**Records for the exercise**.
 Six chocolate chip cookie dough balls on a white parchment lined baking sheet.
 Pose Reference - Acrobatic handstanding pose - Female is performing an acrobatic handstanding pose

--

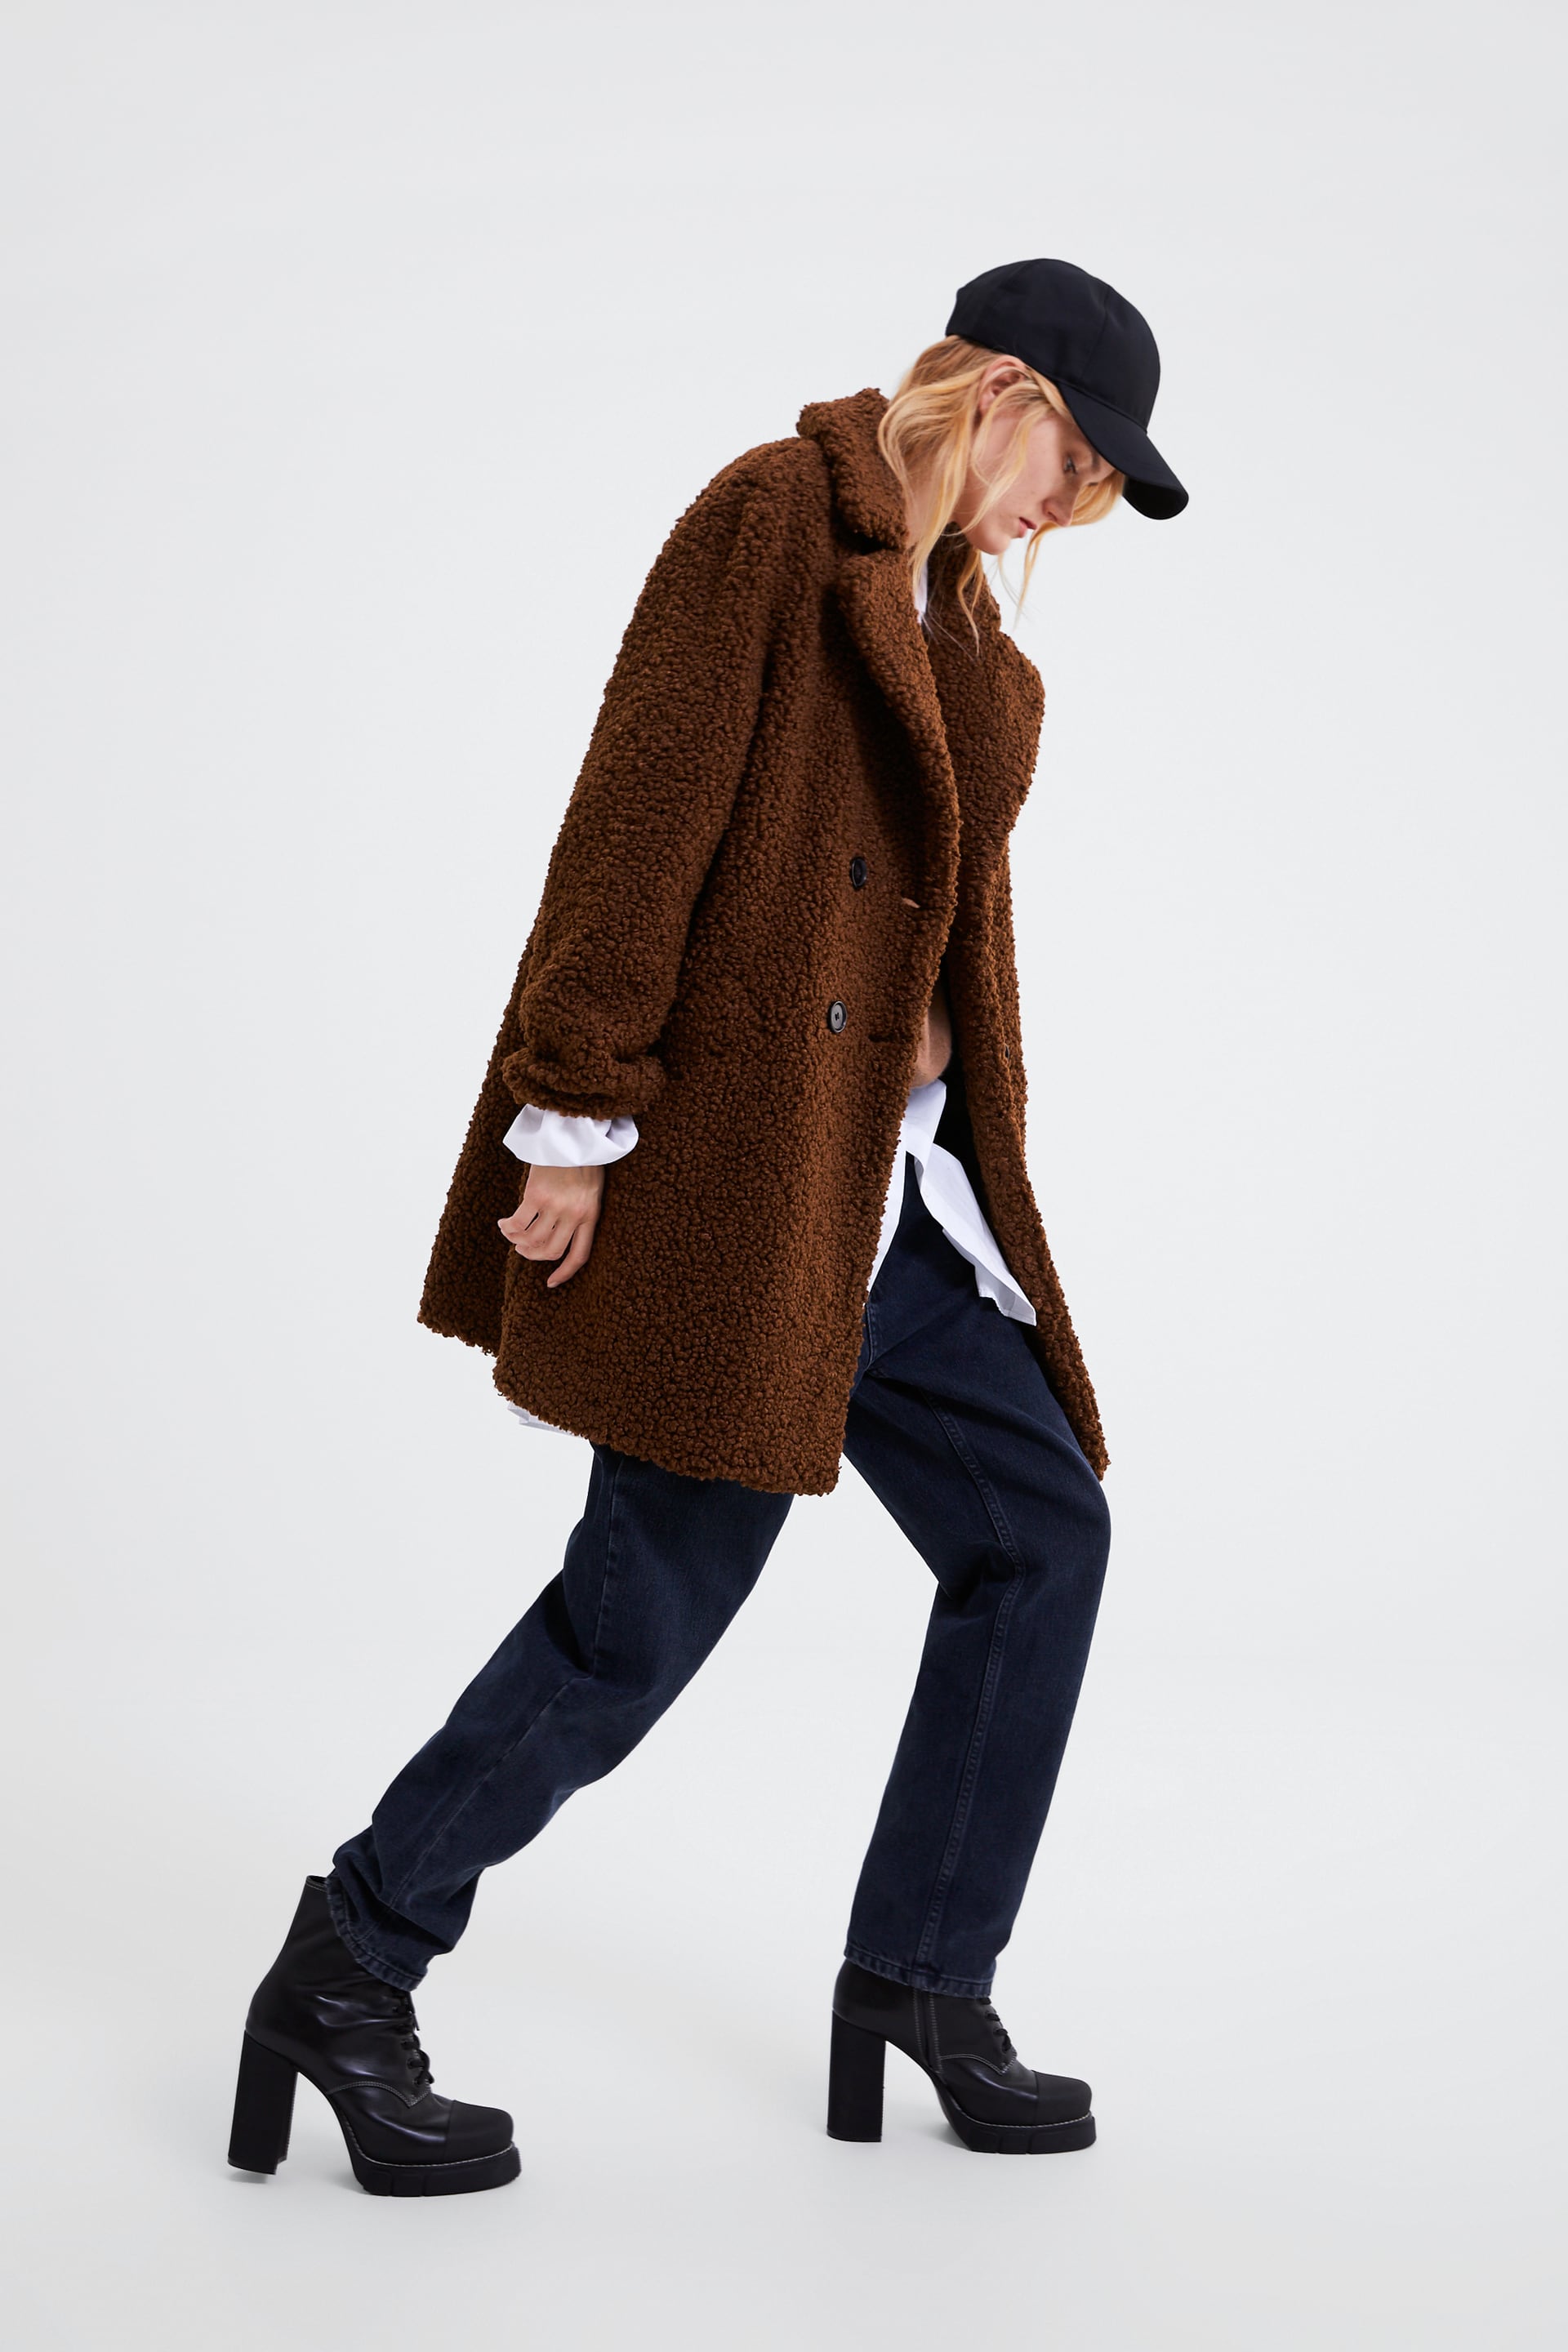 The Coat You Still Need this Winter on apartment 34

* * *

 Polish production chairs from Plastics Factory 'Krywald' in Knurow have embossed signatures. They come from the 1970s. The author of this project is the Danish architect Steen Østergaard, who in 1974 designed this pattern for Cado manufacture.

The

**Problem requirements**.
Return word for word the lines above from the line with "Six chocolate chip" to the line with "Pose Reference - Acrobatic", including both and leaving out all others.

**Task response**.
 Six chocolate chip cookie dough balls on a white parchment lined baking sheet.
 Pose Reference - Acrobatic handstanding pose - Female is performing an acrobatic handstanding pose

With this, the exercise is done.